-------- Data extract --------
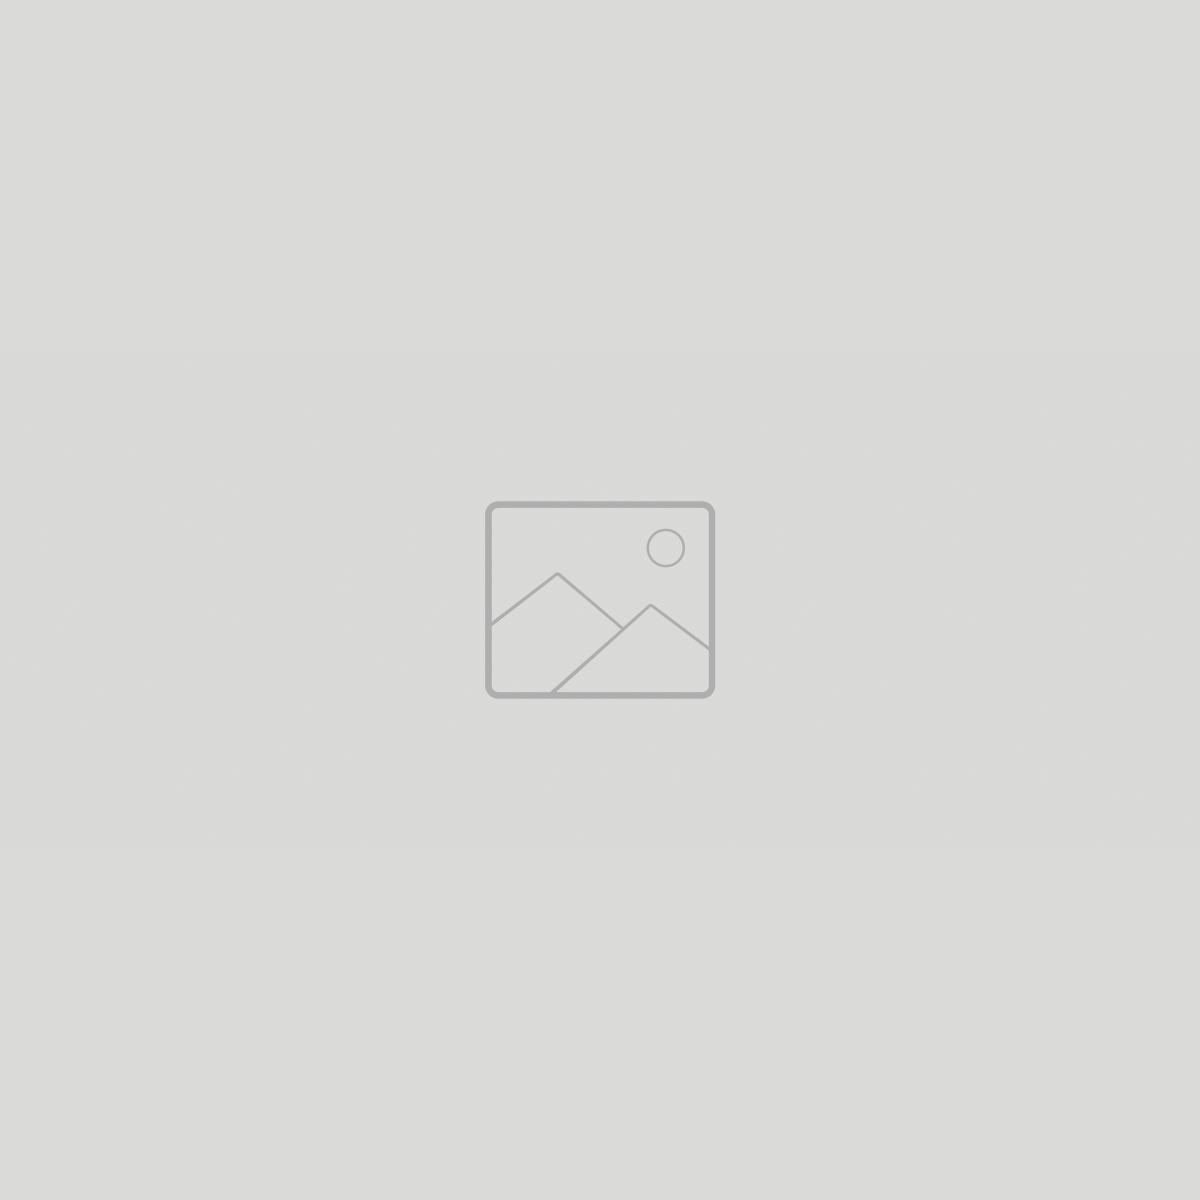 بور سبلاي صان شاينه 5 أمبير 30 فولط ذات جودة عالية SUNSHINE P-3005A
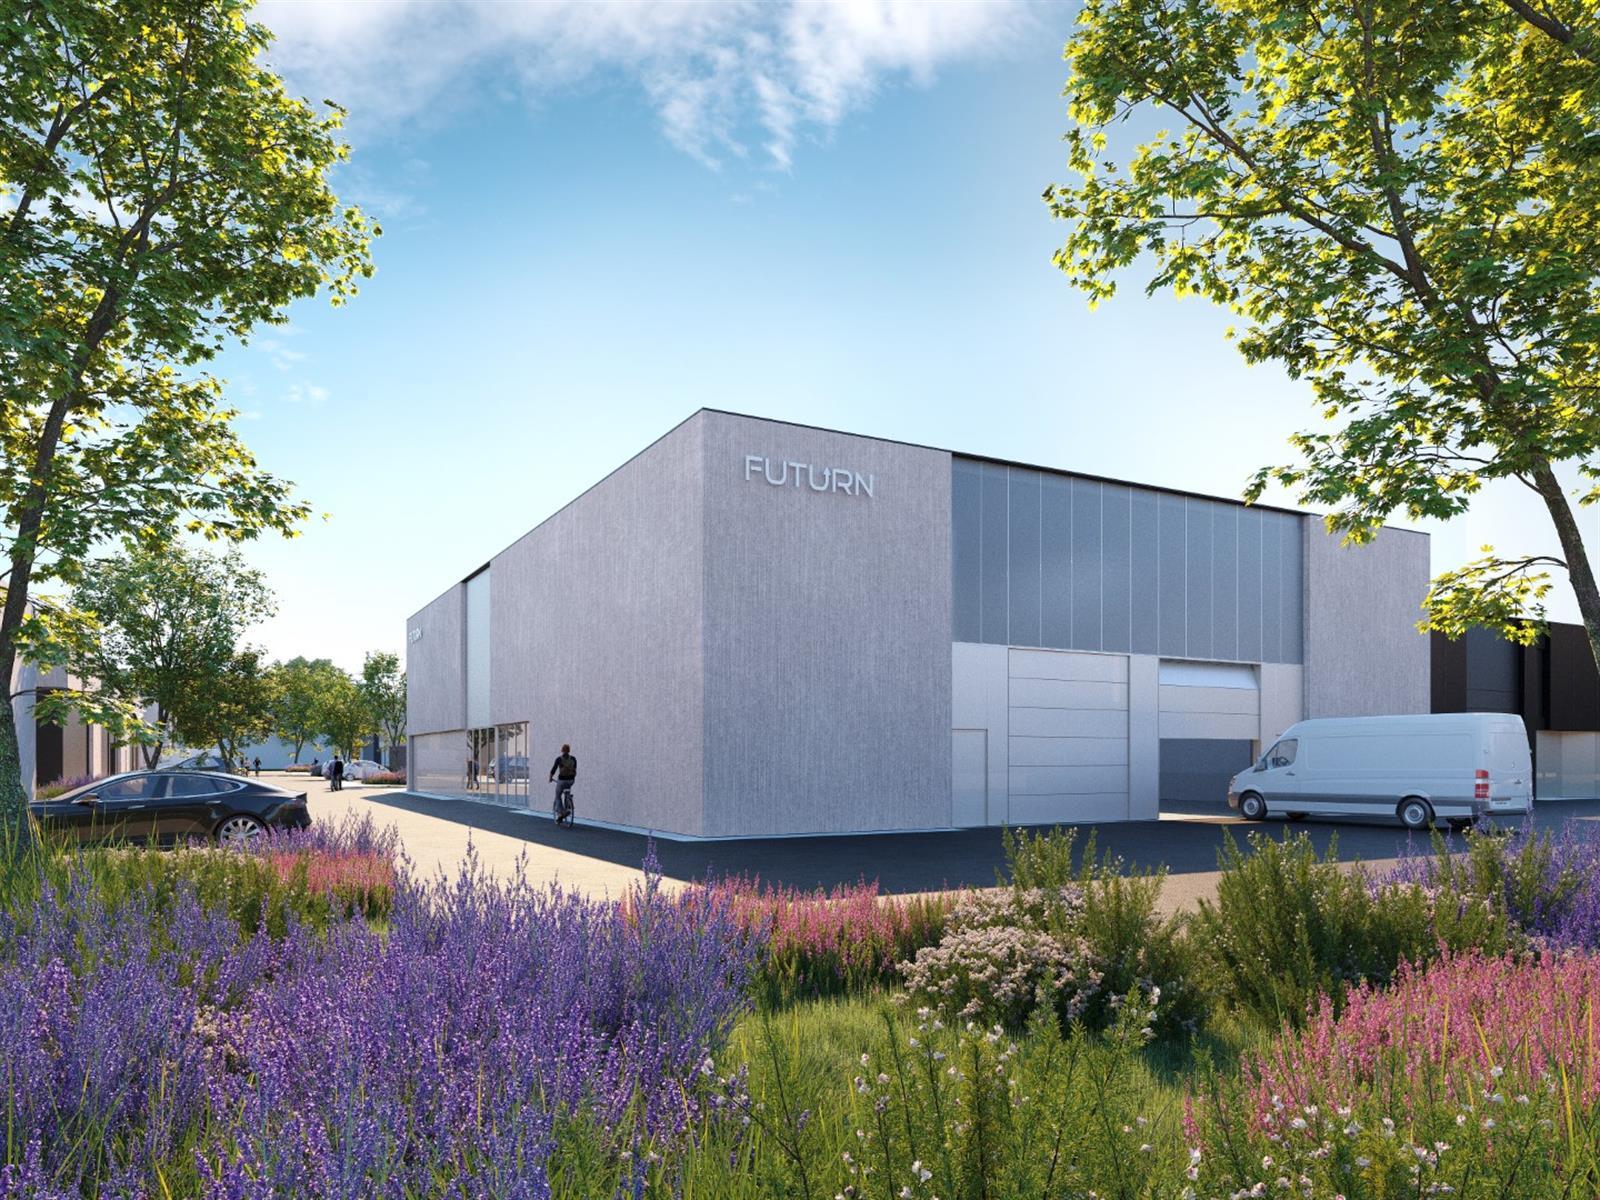 KMO-unit te koop Heros Businesspark KMO Unit 7 - Herkenrodesingel 10, 3500 Hasselt, België 8
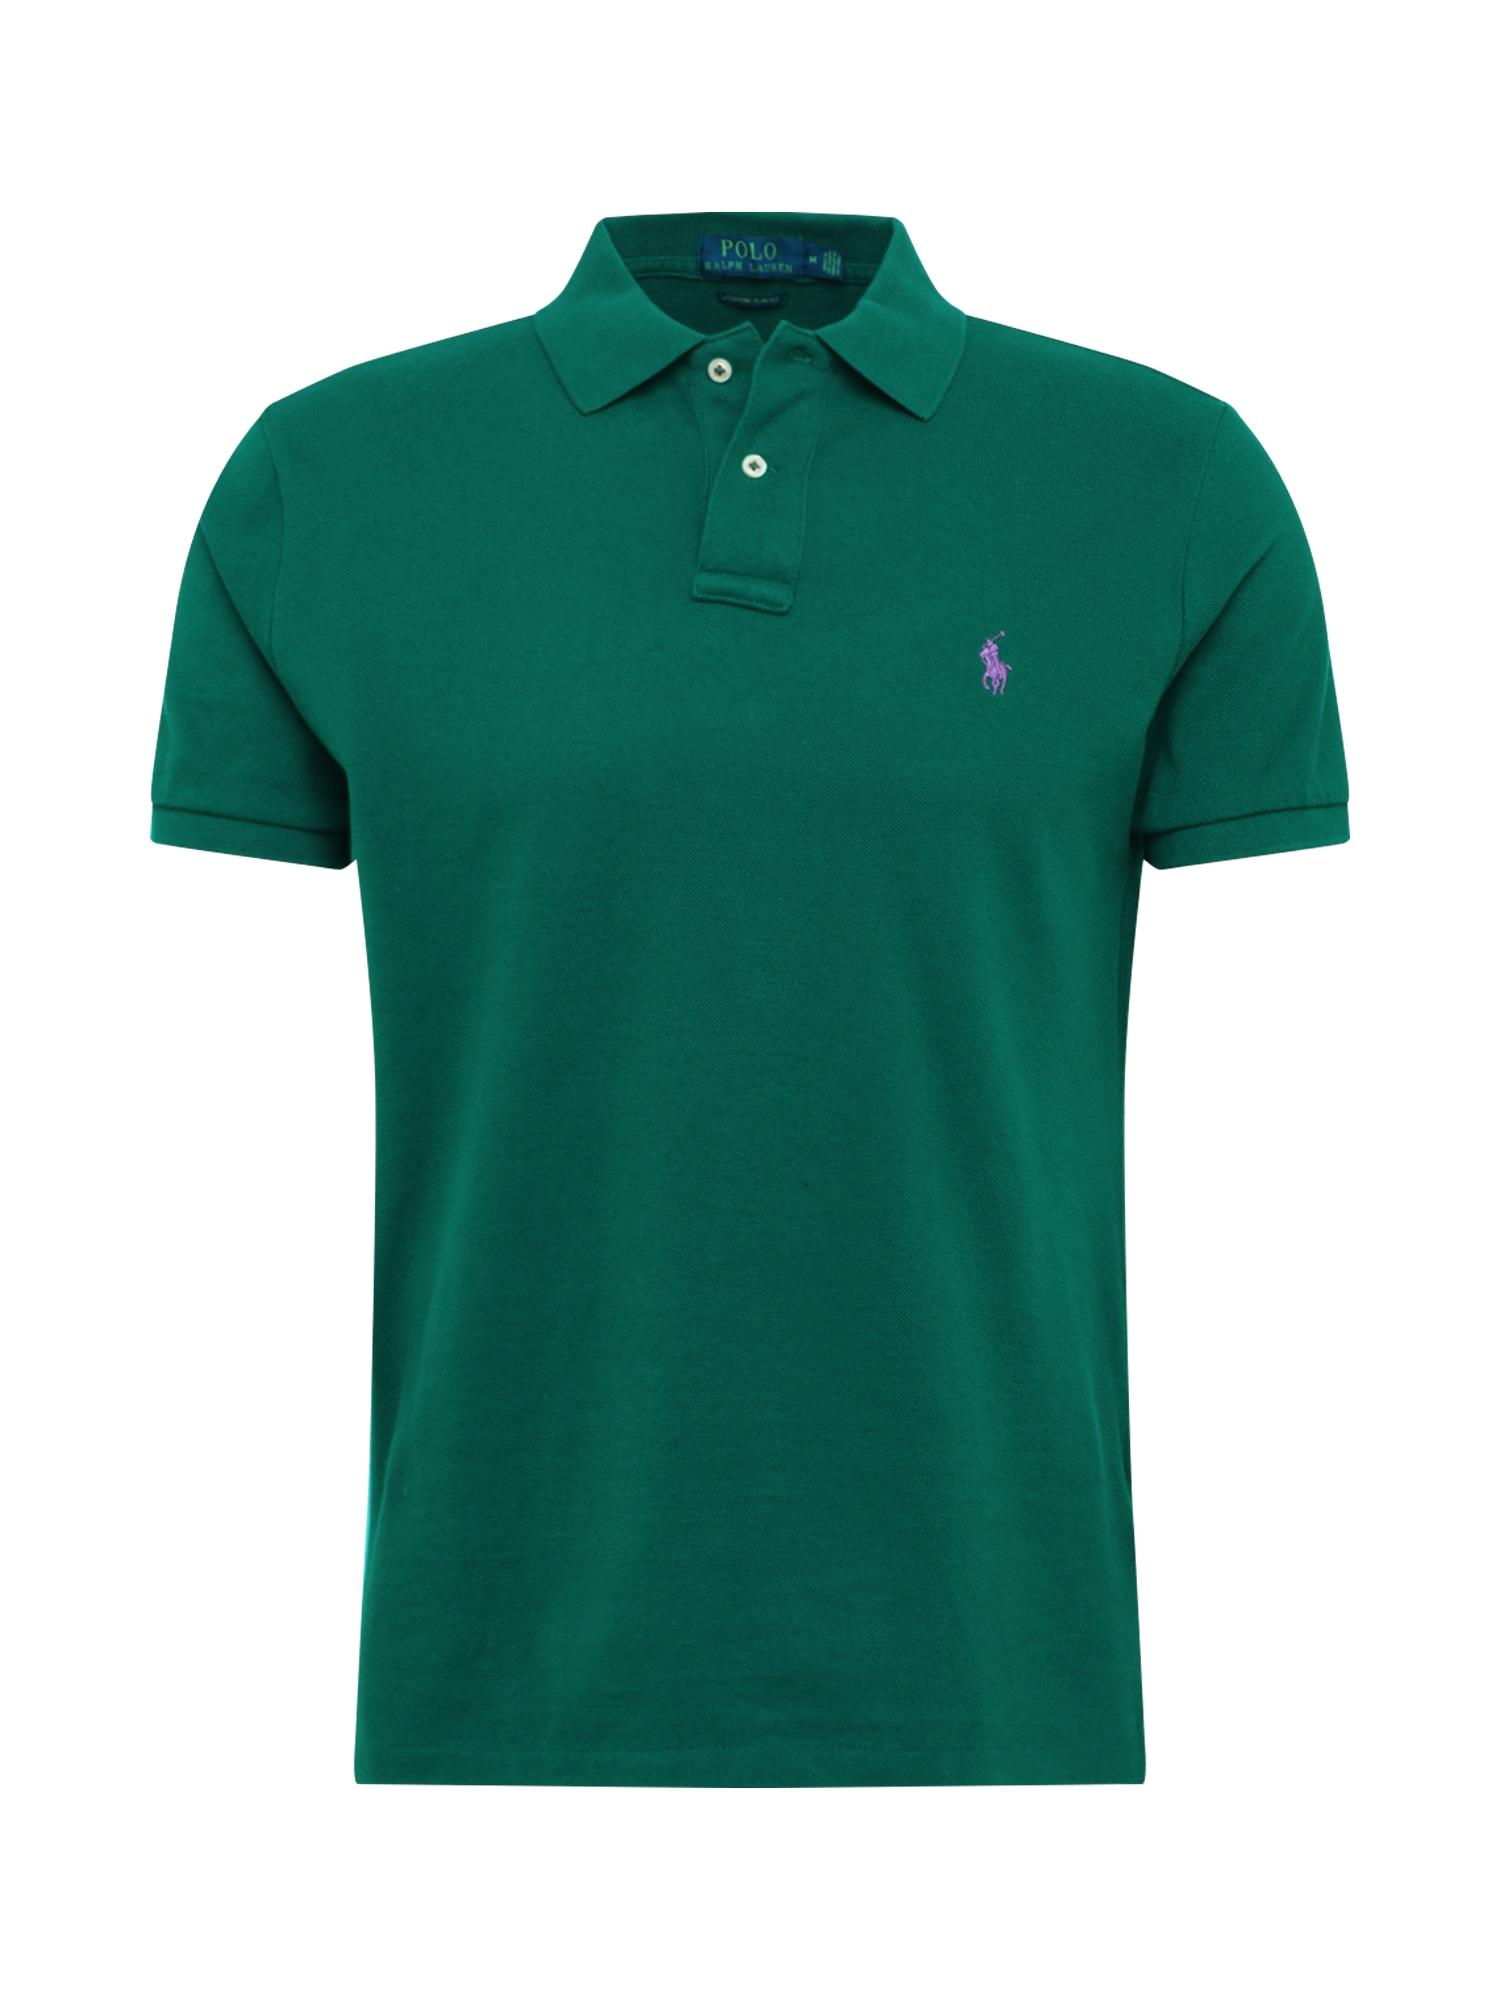 POLO RALPH LAUREN Marškinėliai žalia
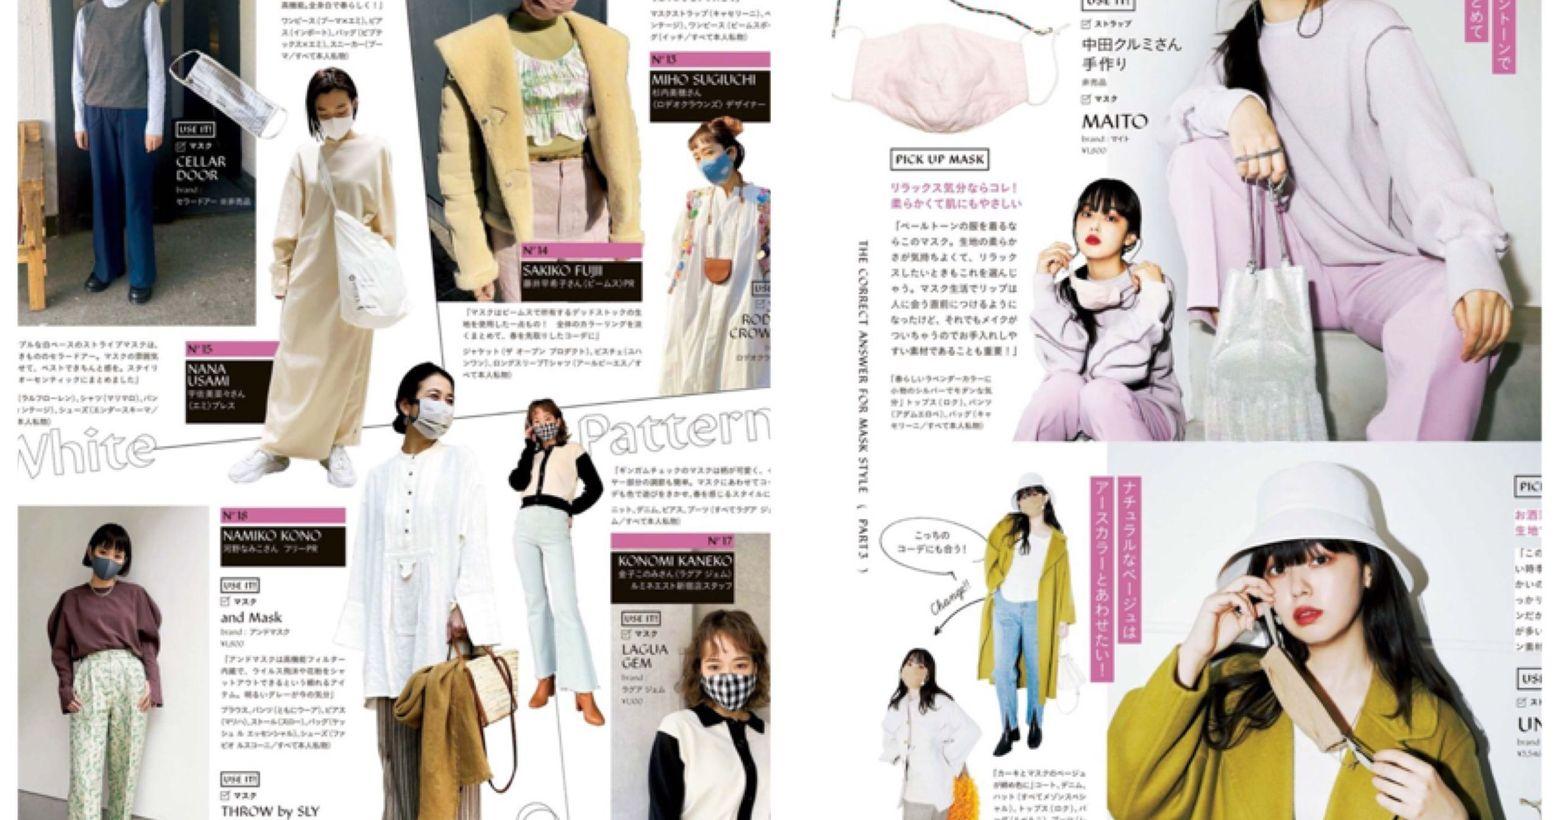 日本人🇯🇵的口罩穿搭!讓口罩變成你的時尚單品🕶️由於疫情關係口罩已經變成一個不可或缺的物品,除
--------
● What the task requires: Leaving the pictures out, print every line of the listing exactly.

● Problem solution:
 بور سبلاي صان شاينه 5 أمبير 30 فولط ذات جودة عالية SUNSHINE P-3005A
 KMO-unit te koop Heros Businesspark KMO Unit 7 - Herkenrodesingel 10, 3500 Hasselt, België 8
 POLO RALPH LAUREN Marškinėliai žalia
 日本人🇯🇵的口罩穿搭!讓口罩變成你的時尚單品🕶️由於疫情關係口罩已經變成一個不可或缺的物品,除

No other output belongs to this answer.